UN POINT DE VUE SPIRITUEL SUR LA CONTRACEPTION

La contraception désigne l’ensemble des méthodes volontaires propres à éviter la fécondation de façon réversible et temporaire.

La sanctification de la procréation nombreuse se fonde sur le fait que les Textes sacrés recommanderaient la fécondité.  C’est une interprétation erronée qui s’appuie sur une injonction humaine et historique qui pouvait avoir du sens au moment de sa promulgation, mais qui a perdu son sens aujourd’hui.  Les prêtres des religions antiques prenaient l’ordre divin de «croître» et de «se multiplier» au sens littéral, alors qu’il faut plutôt y chercher un sens symbolique.  Chez lecontraceptions petits peuples, plus on engendrait d’enfants, mieux on pouvait se défendre contre ses nombreux ennemis.  Et pour les religions, plus les familles procréaient, plus elles donnaient de bras pour défendre la foi du peuple et accroître son rayonnement.

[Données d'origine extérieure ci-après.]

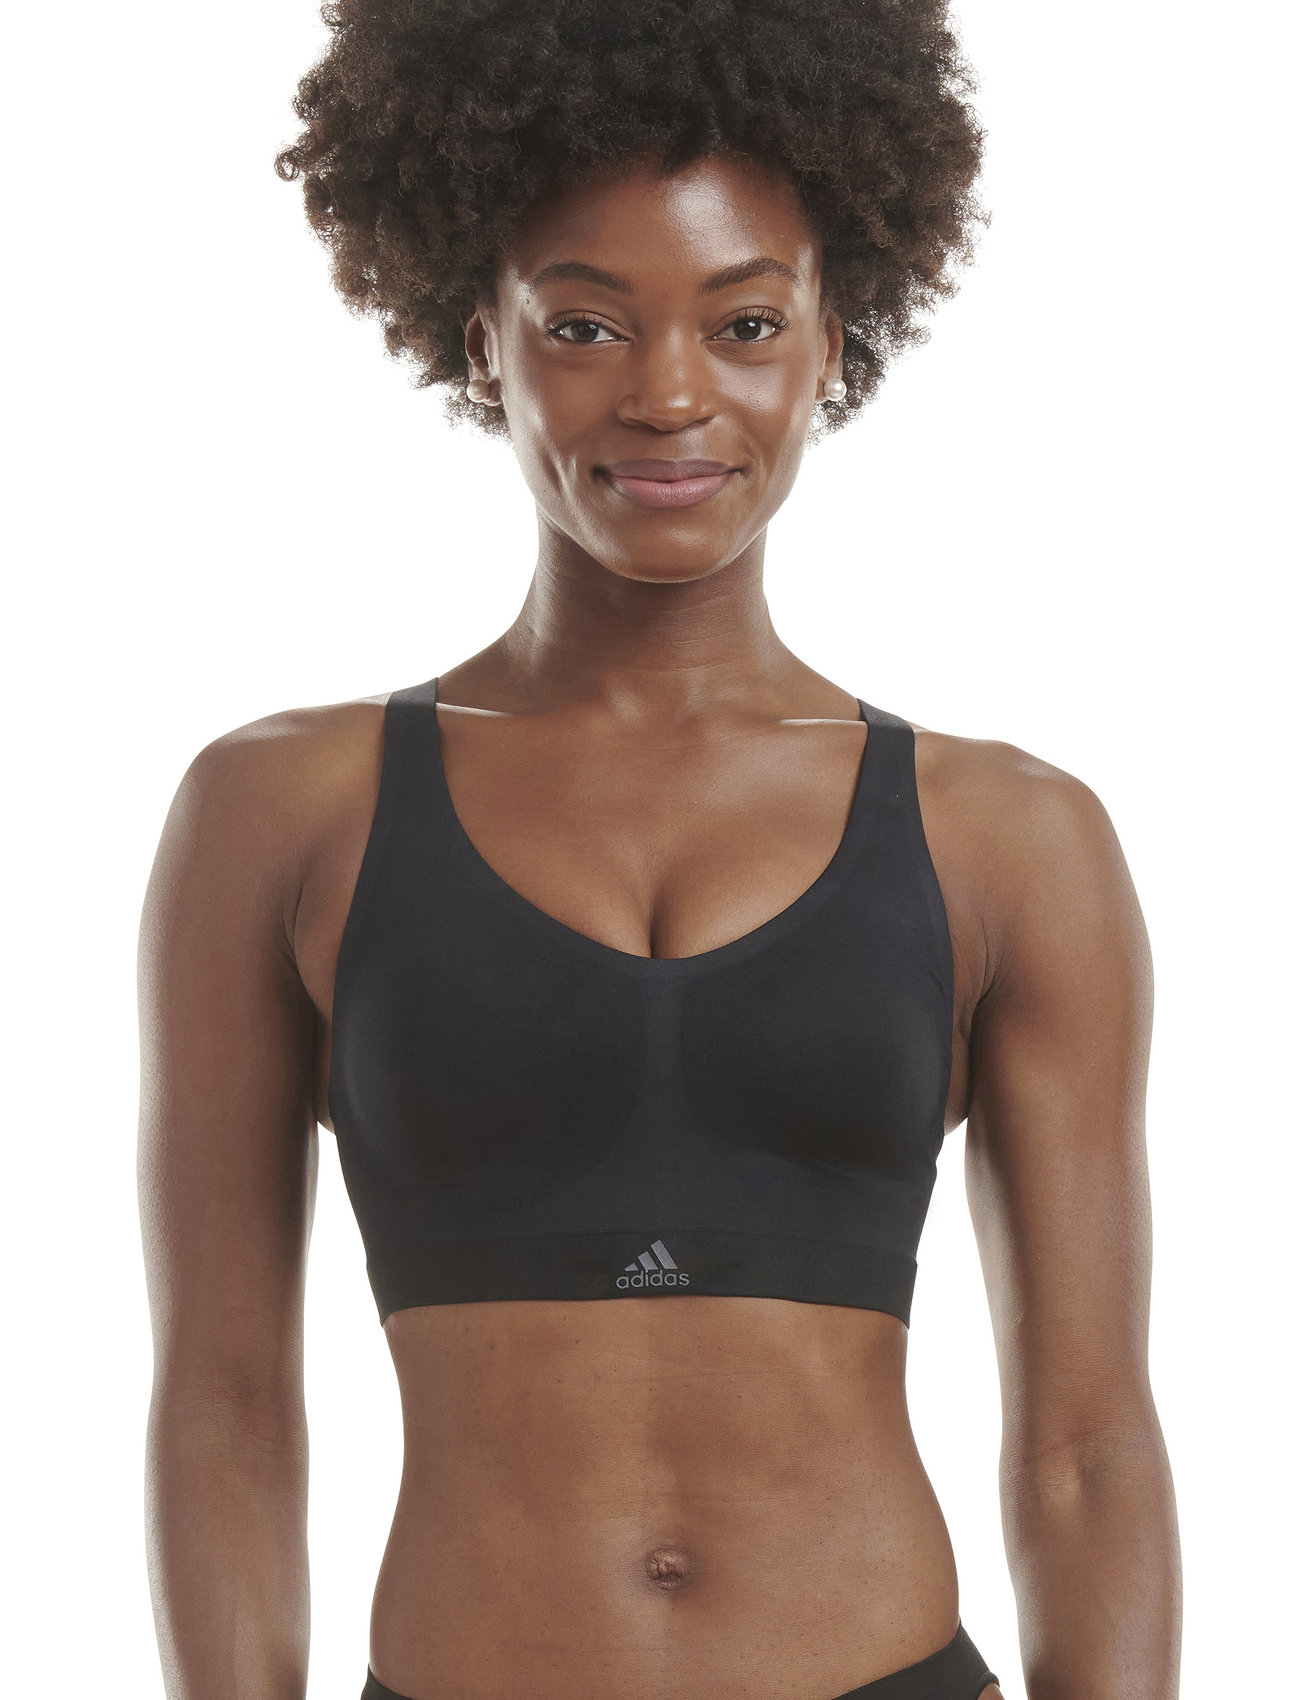 adidas Stronger for It Womens Sports Bra - Black Size 34a for sale online

De nos jours, sur une planète presque surpeuplée, qui peut difficilement, à cause des politiques restrictives des pays, nourris tous ses enfants, la contraception prend un nouveau sens.   Elle devient un moyen pratique et licite de mettre un frein à l’accroissement de la population et à l’augmentation de la famine.  D’autant plus que les individus ont trouvé un autre sens à leur vie que de simplement fonder une famille et d’élever des enfants.  C’est une expérience suffisamment vécue pour que certains puissent enfin choisir de s’occuper d’eux-mêmes et de leur propre évolution.  Quant à la femme qui croit ne pas parvenir à s’accomplir pleinement sans enfanter, cela peut s’expliquer par le développement immémorial d’une pulsion atavique, mais cela ne correspond en rien au principe de l’Évolution qui appelle à accoucher complètement de soi-même avant de songer à mettre des enfants au monde, pour s’assurer qu’ils sertont sains, bien assistés et bien guidés.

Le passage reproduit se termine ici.